This past week has been an emotional roller coaster. One minute I was sad my husband was leaving, one minute I was proud and excited for him, and the next minute I was frustrated. Thursday afternoon came and I kissed my husband bye for what I thought would 2 mths. He drove up to Atlanta to stay with my brother so he would be closer to the base since he had to check in at 10am. He called to check in that night and before leaving for the base, and I didn't cry...I wouldn't let myself fall apart in front of the kids. He surprised me and called me just before checking in, and I lost it and had to step out of the classroom for a few minutes. I was overwhelmed that this was the last time I would hear his voice for the next two months, and the panic of being away from him overcame me. Throughout the day I tried to relax and not think about him, but he was always in my thoughts. That night I went out with my friends from work, and did the best I could to relax and have fun. I spent my 2nd night alone, hoping it would get easier.

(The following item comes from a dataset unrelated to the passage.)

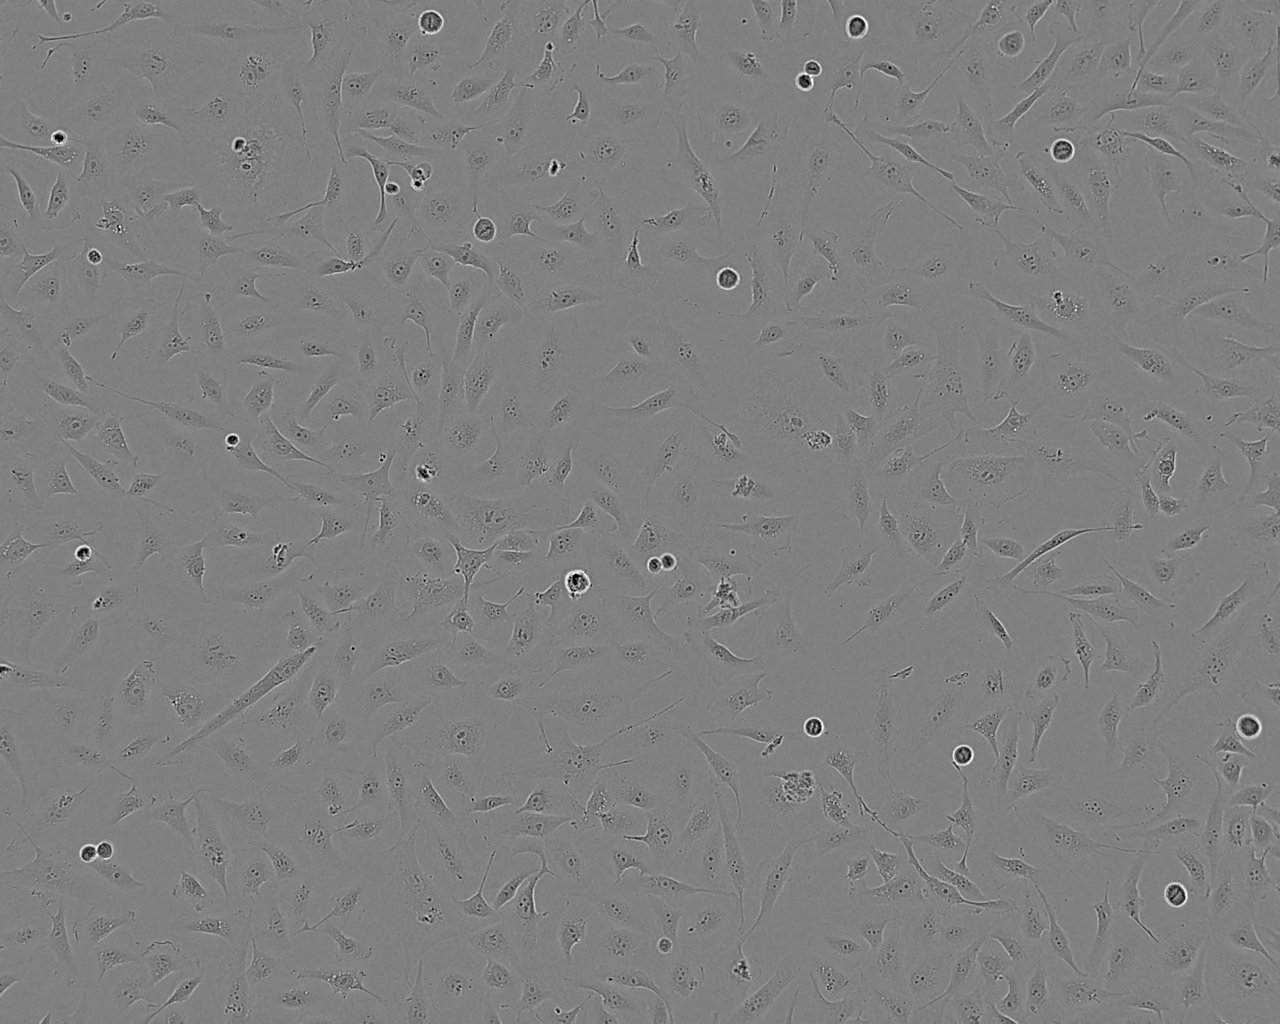 HuP-T4 epithelioid cells人胰腺癌细胞系,HuP-T4 epithelioid cells
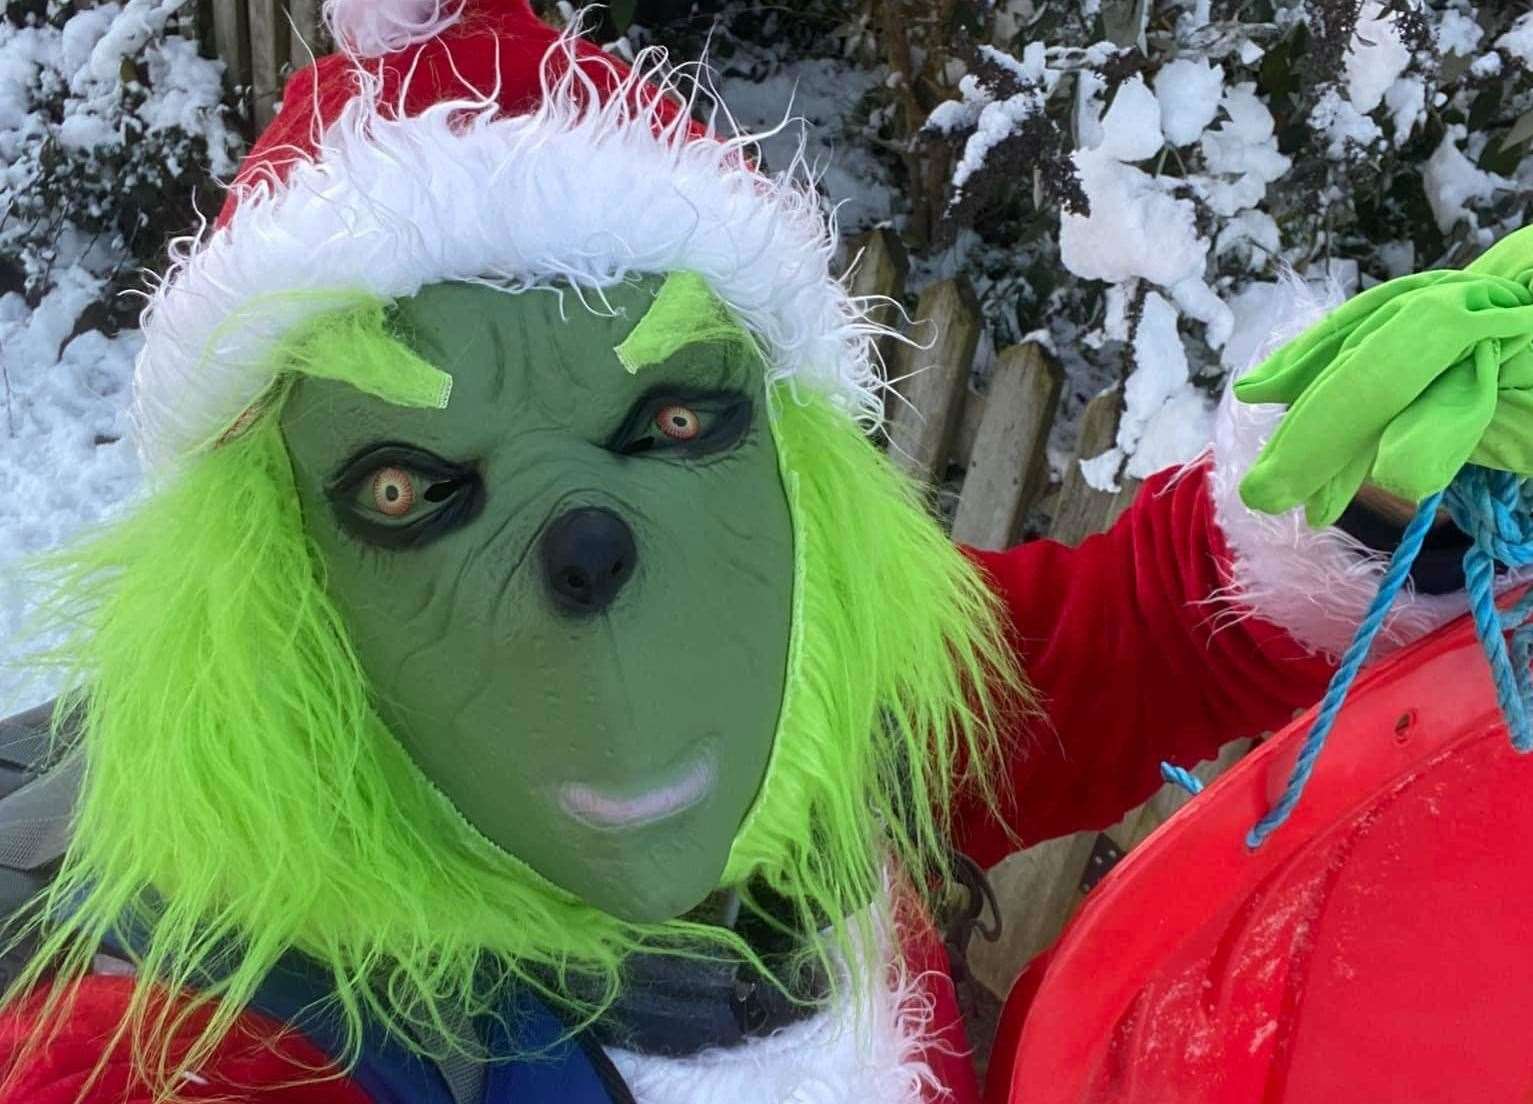 Daniel Wood has been doing the school run dresses as the Grinch

Then came the phone call at 7am that would change everything. The emotions I experienced next were anger and sadness. My husband called with the news that he had BARELY missed one of the requirements (and I mean JUST BARELY) and they had sent him home. I have never heard my husband sound so upset, and it broke my heart for him. He was frustrated that he had worked so hard to only be sent him before he even got started training.
So, I don't know what the future holds for us as for as the Army goes, but I know that we just have to trust in the Lord and know that things happened like they did because He has a bigger plan for our family. I pray that the Lord shut all doors that need to be shut, and show us to the ones we need to go through. At the end of the day I am happy to have my husband home, but sad that he is hurting.